Линь Чжунпинь, бывший замминистра обороны Тайваня, дал мне иную трактовку проблемы. Линь с восхищением отозвался о том, как Ху Цзиньтао подошел к решению тайваньского вопроса и сумел вырвать инициативу у «ястребов». Задолго до потепления отношений, сказал Линь, его китайские родственники сообщили, что Политбюро намерено превратить тайваньский узел в «невзрывоопасный международный вопрос», как оно и случилось. Выражаясь в афористичной китайской манере, новую тайванскую политику Ху Цзиньтао можно свести к такой формуле: «Проникни на остров, проникни в их дома, проникни в их умы». Все, что информаторы на материке пообещали в отношении тайваньской политики при Ху Цзиньтао, оказалось реализовано на практике.
А причина, по которой тайваньский вопрос сняли с повестки дня, состоит, по мнению Линя, в следующем: Ху Цзиньтао понял, что эта проблема не угрожает ни стабильности Китая, ни власти КПК, ни ее влиянию на вооруженные силы. «Ху знает, что злейший враг Китая находится отнюдь не за пределами его границ, – говорит Линь. – Это коррумпированные чиновники внутри».
Шанхайская клика
Партия и коррупция
Людей раскидывали как попало. Многим из нас пришлось выносить незаконную слежку, домашние обыски, принудительную репатриацию, аресты, «перевоспитание» трудом, заключение в психиатрические больницы, прослушивание телефонов, издевательства и прочие формы репрессий.
Чжэн Энъчун, шанхайский адвокат
Если я не ошибаюсь, частные предприятия дают свыше 40 % ВВП нашей страны. А здесь, в Шанхае, вклад госкомпаний в ВВП составляет почти 8о%. Ну и кто более привержен к принципам социализма? Разве не Шанхай?
Чэнь Лянъюй, секретарь шанхайского горкома
Как оно и бывает сплошь и рядом, первый по счету протест вырос из вроде бы незначительного дела. Летом 2002 г. небольшая группа горожан неторопливо двигалась к зданию горсуда по улочкам старого Шанхая, из-за жары стараясь держаться поближе к стенам, в тени. В первом ряду шел сорокалетний ресторатор. Высокий, худощавый, с мягкими и изысканными манерами, Сюй Хаймин выглядел таким же скромным, как и его протест.

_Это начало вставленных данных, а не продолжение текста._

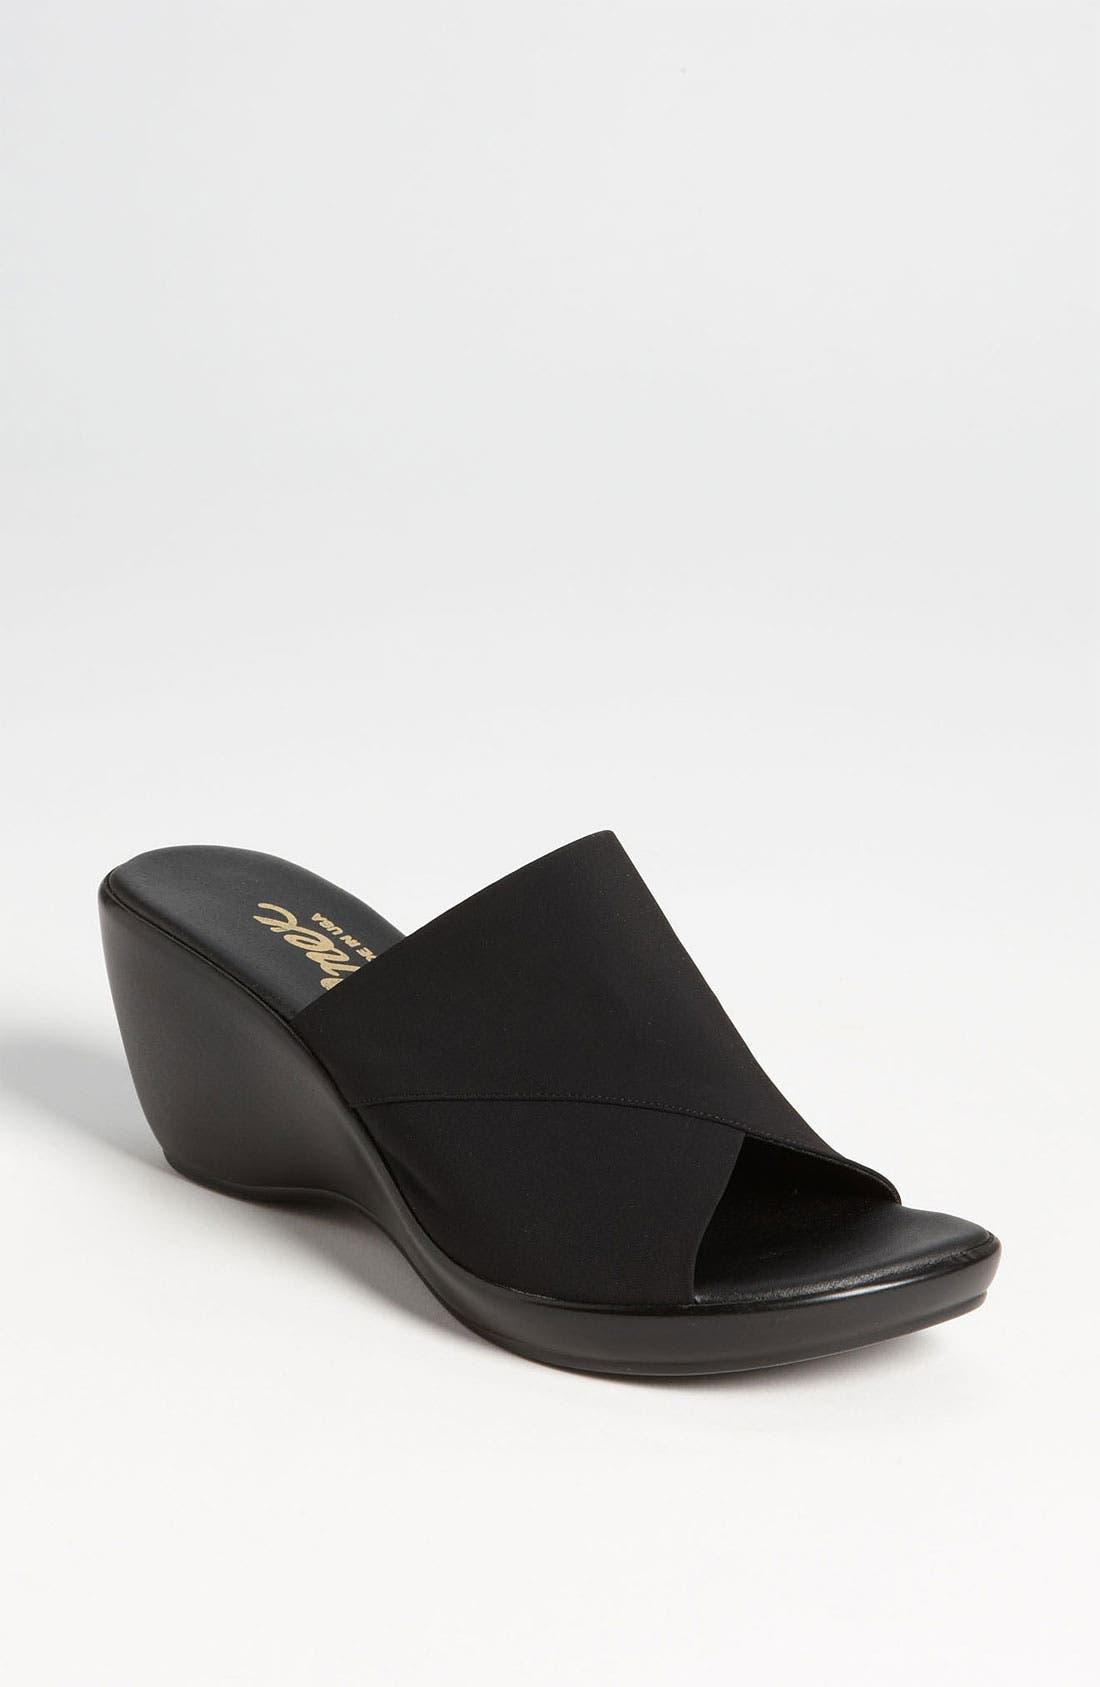 Main Image - Onex 'Deena' Wedge Sandal

Дело, которое Сюй открыл в квартале Цзин в центре города, тоже было без особых претензий: чайная и ресторанчик, оформленные в контркультурном тибетском стиле. Своего рода хиппи-шик, модный среди городской молодежи, которая, внезапно обретя возможность делать деньги, задумалась об альтернативе повседневным крысиным бегам, столь характерным для наиболее богатых мегаполисов Китая, иными словами, захотела расслабиться. Сюй купил этот домик двумя горами ранее; он располагался на углу большого квартала в старом колониальном городе, неподалеку от самой знаменитой в Шанхае торговой улицы, Нанкинской, которая рассекает территорию бывшей Французской концессии и вьется до самой набережной реки Хуанпу. Он заплатил 50 тыс. долларов, а остатки сбережений потратил на ремонт.
Сюй никогда не пытался превратить свое заведение в некую сцену для политагитации. На стенах не висели фотографии далай-ламы, тибетского духовного лидера; здесь вообще не было ничего, что могло бы возбудить раздражение властей. Проблема заключалась не в тибетологических склонностях Сюя, а в том, когда происходила эта история. Едва бизнес Сюя набрал обороты, как он получил приказ властей района очистить помещение. Выяснилось, что местные чиновники, по сути дела, продали дом в обмен на участие в проекте застройки на этом месте. Чтобы работы могли начаться, а чиновники получить свою долю, Сюй должен был убраться восвояси. «Они меня даже не спрашивали, – сказал он. – Просто сообщили, что дом подлежит сносу».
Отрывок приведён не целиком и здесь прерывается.